The cross product is a x b = (a2*b3 - a3*b2, a3*b1 - a1*b3, a1*b2 - a2*b1). The result is a vector perpendicular to both inputs, with magnitude |a| |b| sin θ — equal to the area of the parallelogram spanned by a and b. Its direction follows the right-hand rule.
Examples
(1, 0, 0) . (0, 1, 0) → 0 (perpendicular)
(1, 2, 3) . (4, -5, 6) → 12
(1, 0, 0) x (0, 1, 0) → (0, 0, 1)
(1, 2, 3) x (4, 5, 6) → (-3, 6, -3)
FAQ
Why are there two products?
The dot product returns a scalar related to alignment; the cross product returns a vector perpendicular to both inputs. They answer different questions.
Is the cross product anti-commutative?
Yes. a x b = -(b x a).
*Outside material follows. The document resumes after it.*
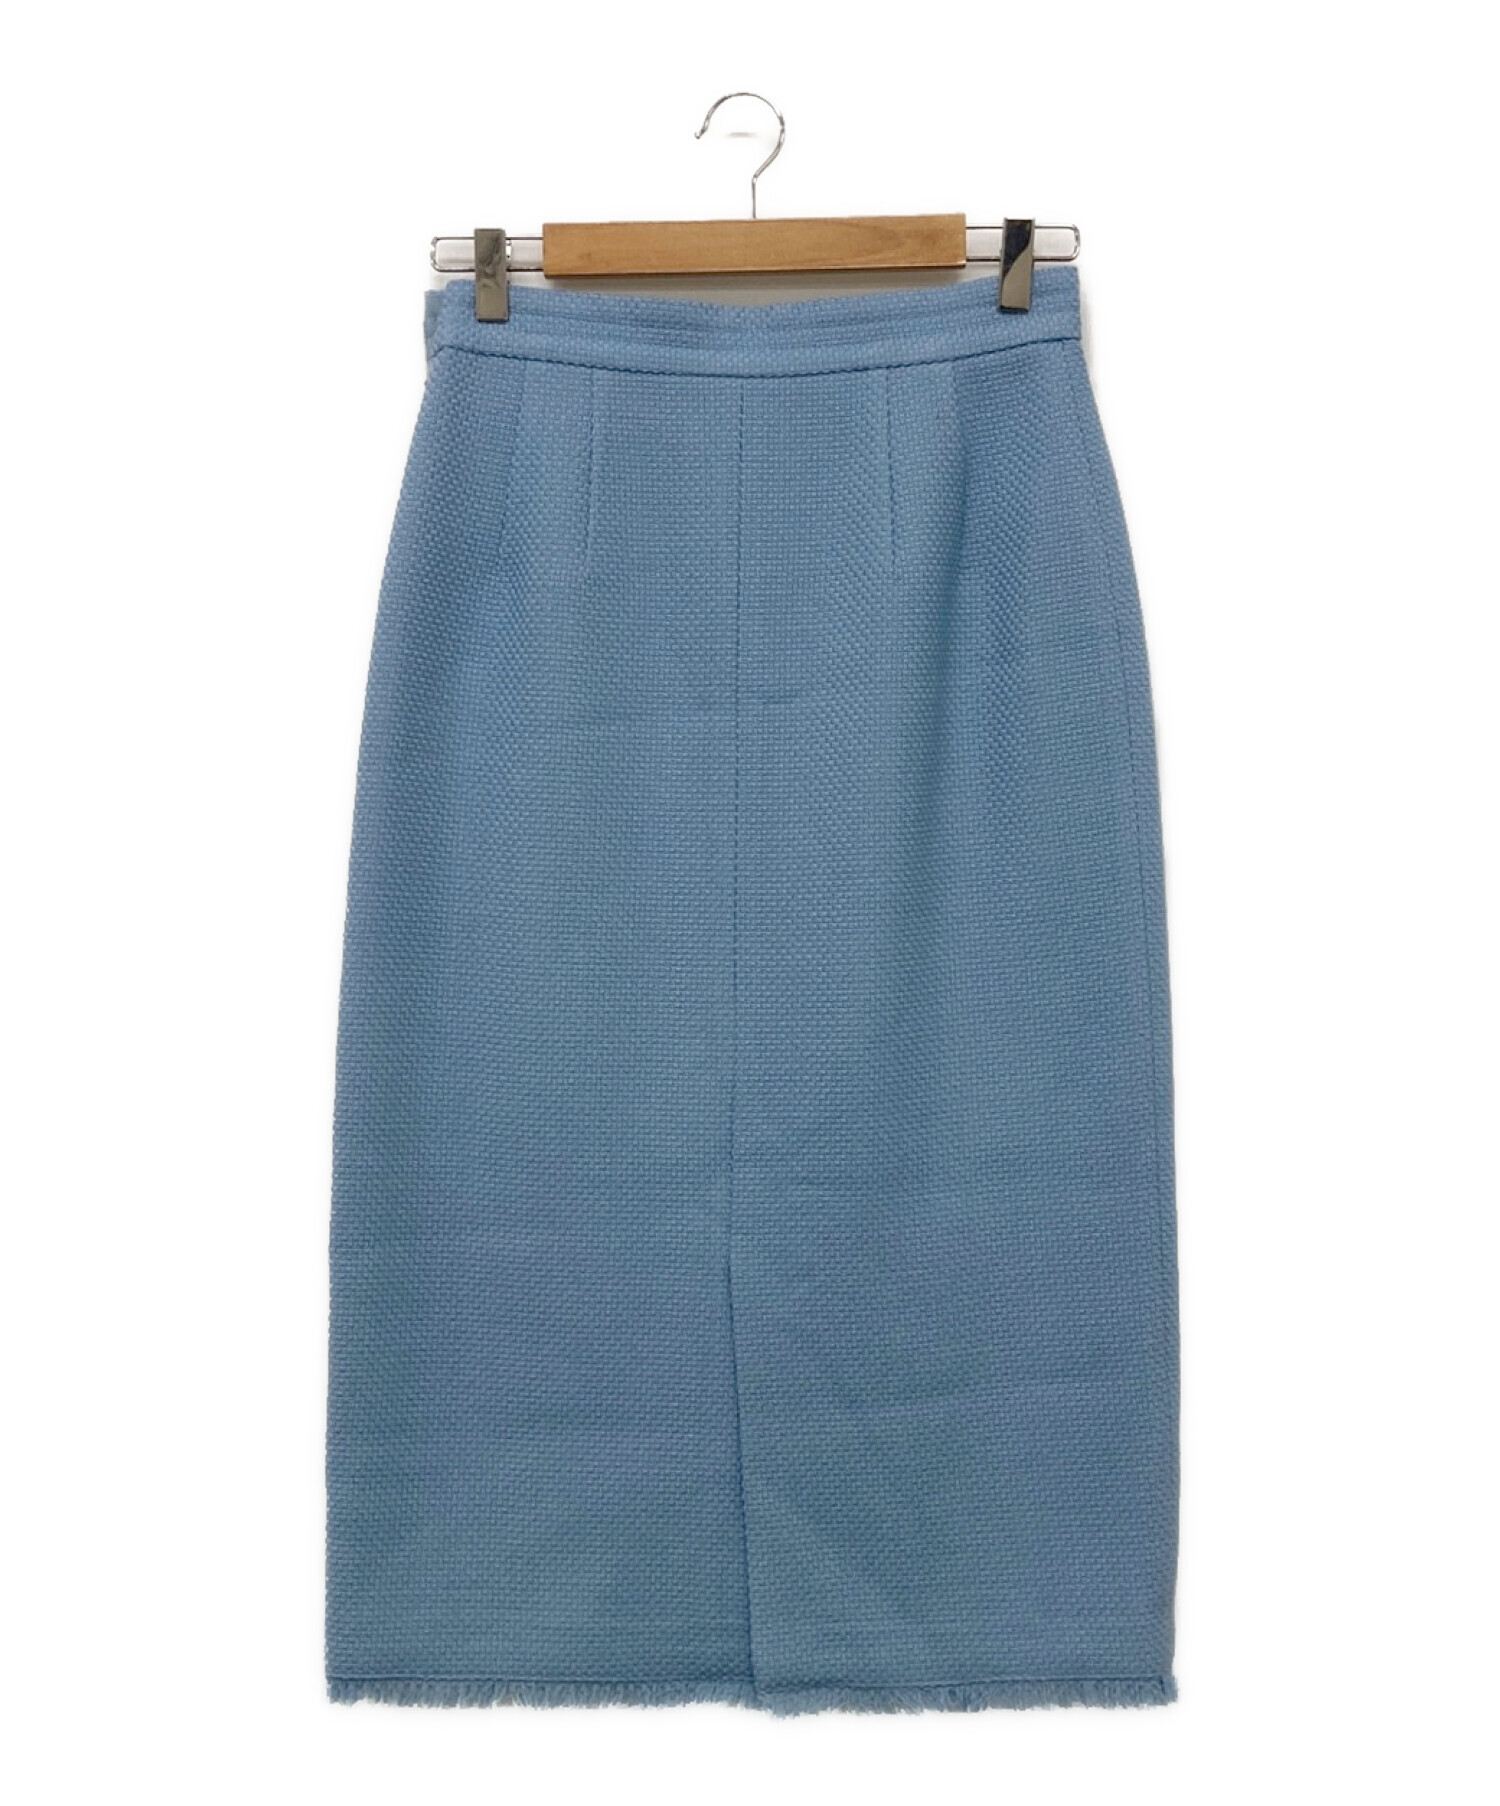 ANAYI (アナイ) ウールプリペラタイト スカート ライトブルー サイズ:38

Swapping the operands flips the result's direction.
What if the vectors are parallel?
The cross product is the zero vector and the dot product is +|a| |b| (parallel) or -|a| |b| (anti-parallel).
Does the right-hand rule apply?
Yes. Point fingers from a to b through the smaller angle; your thumb gives the direction of a x b.
Can I use 2D vectors?
Set the z-component to zero. The resulting cross product will only have a non-zero z-component, giving the signed area in the xy-plane.